La mise en place de la retraite universelle semble bien complexe…
Tout à fait. Dans son programme de campagne, Emmanuel Macron souhaitait « mettre fin aux injustices de notre système de retraite », tout en y intégrant les régimes complémentaires. Il s’agit d’ailleurs d’une vieille idée portée par la direction de la Sécurité sociale. Portée par Jean-Paul Delevoye, la réforme n’a finalement pas été mise en place. Face à la contestation du secteur public et des professions libérales, un texte mal ficelé a été présenté, avec notamment de nombreuses mesures techniques sans le moindre chiffrage ce qui, outre les grèves nationales, a fini de discréditer le texte. Malgré l’adoption de la loi via le 49.3, le premier confinement a fini par stopper la réforme. Bien que le président Macron souhaite relancer cette réforme, elle ne sera pas mise en œuvre sous ce quinquennat.
En revanche, la loi Pacte est une franche réussite…
Tout à fait, elle a apporté d’importants changements sur l’épargne-retraite et l’épargne salariale, avec une mesure phare : la possibilité de récupérer son épargne sous la forme d’un capital et plus uniquement sous la forme d’une rente viagère. Si le dispositif est complexe, avec plusieurs compartiments par exemple, il est désormais plus cohérent.
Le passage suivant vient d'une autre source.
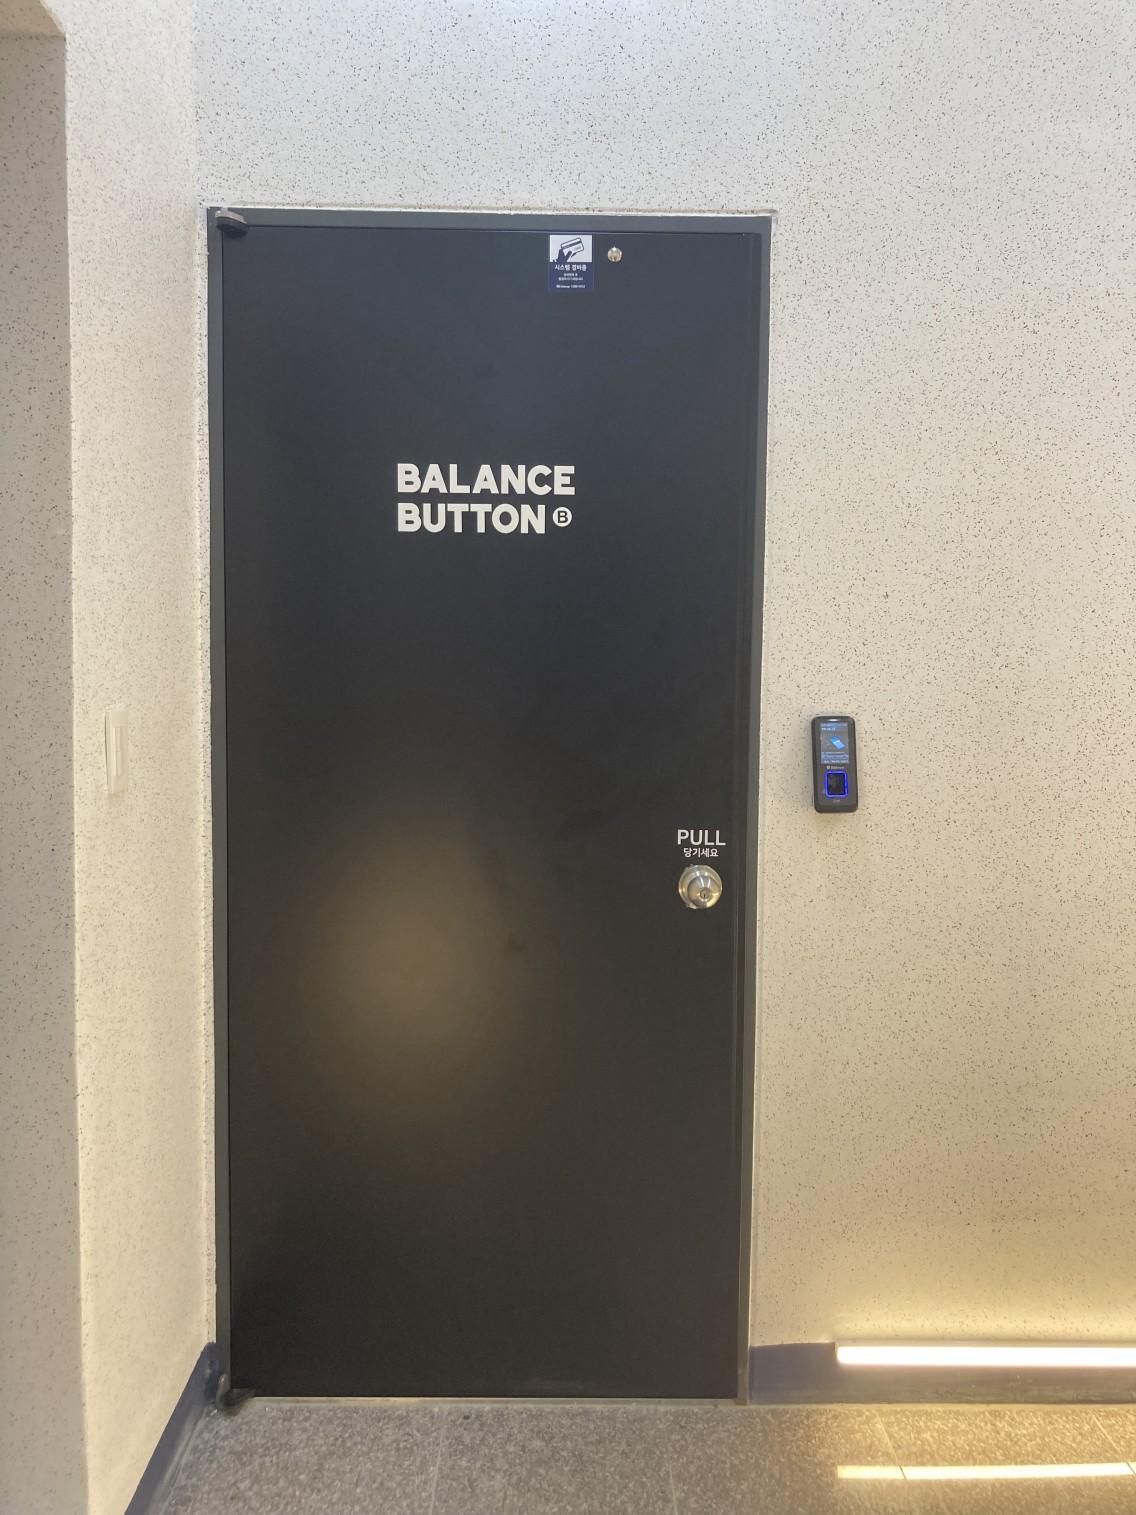 왼쪽의 문이 당신을 맞이해줄 거에요:)

Aujourd’hui, dans le cadre du surplus d’épargne accumulé par les Français, le PER est un vrai succès commercial, aussi bien pour les produits individuels que collectifs.
Et quel bilan tirez-vous des actions mises en place pour les travailleurs indépendants ?
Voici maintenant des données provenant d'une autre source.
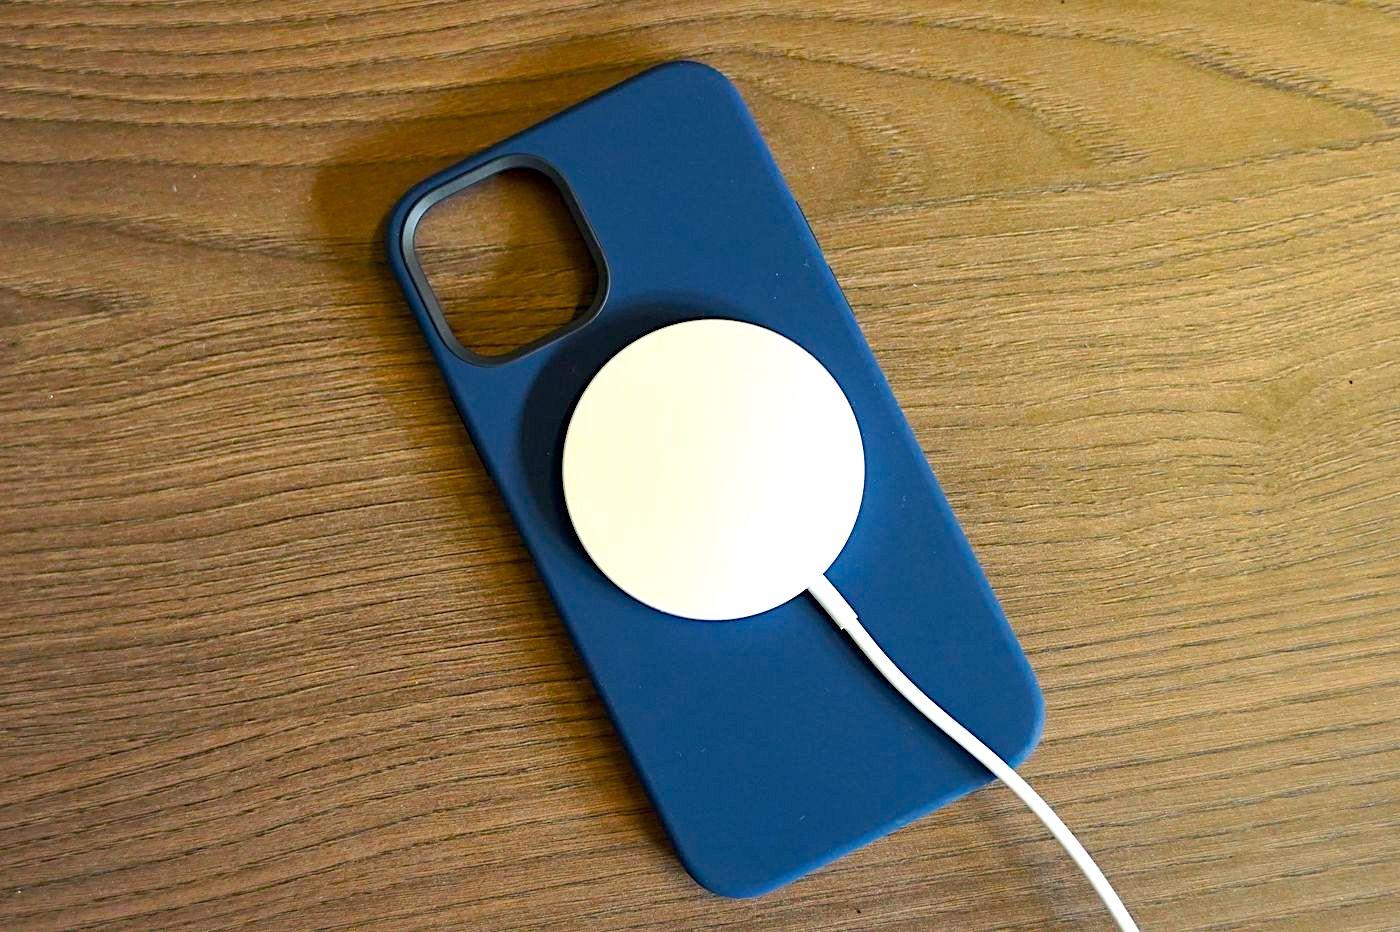 MagSafe : La coque spéciale d'Apple n'est pas obligatoire

Les réformes pour les indépendants s’avèrent au final en trompe-l’œil. La promesse était de simplifier la vie des entrepreneurs et la réalisation est plutôt réussie. Le RSI a purement et simplement disparu en étant absorbé par le régime général. Toutefois, les indépendants bénéficient d’une organisation dédiée limitée, et le pilotage s’opère par le conseil de protection sociale des travailleurs indépendants qui n’a guère de possibilités d’action. Leur accès à l’assurance-chômage a été mis en place également. En revanche, comme nous l’avons vu plus tôt, le dispositif des indemnités journalières des professions libérales a été créé, mais suscite de fortes interrogations. Enfin, d’ici à l’élection présidentielle, le président de la République a annoncé sa volonté de lancer son plan Indépendant, avec quelques petites mesures sur le plan de la protection sociale. Par exemple, on y trouve la création d’un statut unique et protecteur pour l’entrepreneur individuel, une protection revue pour les conjoints collaborateur ou encore la possibilité de moduler les cotisations et contributions sociales en temps réel… Un dispositif d’assurance volontaire contre le risque des accidents du travail et des maladies professionnelles, dont le taux de cotisation serait réduit de 30 %, a également été annoncé, mais a peu de sens.
Un laboratoire d’idées
Créé en juin 2011, l’Institut de la protection sociale (IPS) constitue un laboratoire et un réservoir d’idées. Son but est de promouvoir collectivement, particulièrement auprès des pouvoirs publics, les réflexions d’experts concernant la définition et la mise en œuvre d’une législation efficace au niveau des systèmes de prévoyance-retraite de la population active. Constitué principalement d’experts financiers, juridiques et fiscaux, l’IPS a pour vocation d’être un interlocuteur de premier plan au sein des débats de fond qui concernent les réformes en cours.